Task statement -> Set out exactly, line by line, the stretch of data below that begins at the line containing "nasa logo black and white png" and ends at the line containing "Пример страницы из", with both ends kept.

(Record set Opens)

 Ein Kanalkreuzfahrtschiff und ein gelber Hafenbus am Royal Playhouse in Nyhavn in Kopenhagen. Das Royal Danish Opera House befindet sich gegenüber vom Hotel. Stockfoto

(Record set Closes)
(Record set Opens)

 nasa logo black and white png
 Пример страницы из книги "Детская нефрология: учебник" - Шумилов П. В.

(Record set Closes)

Response to the task ->
 nasa logo black and white png
 Пример страницы из книги "Детская нефрология: учебник" - Шумилов П. В.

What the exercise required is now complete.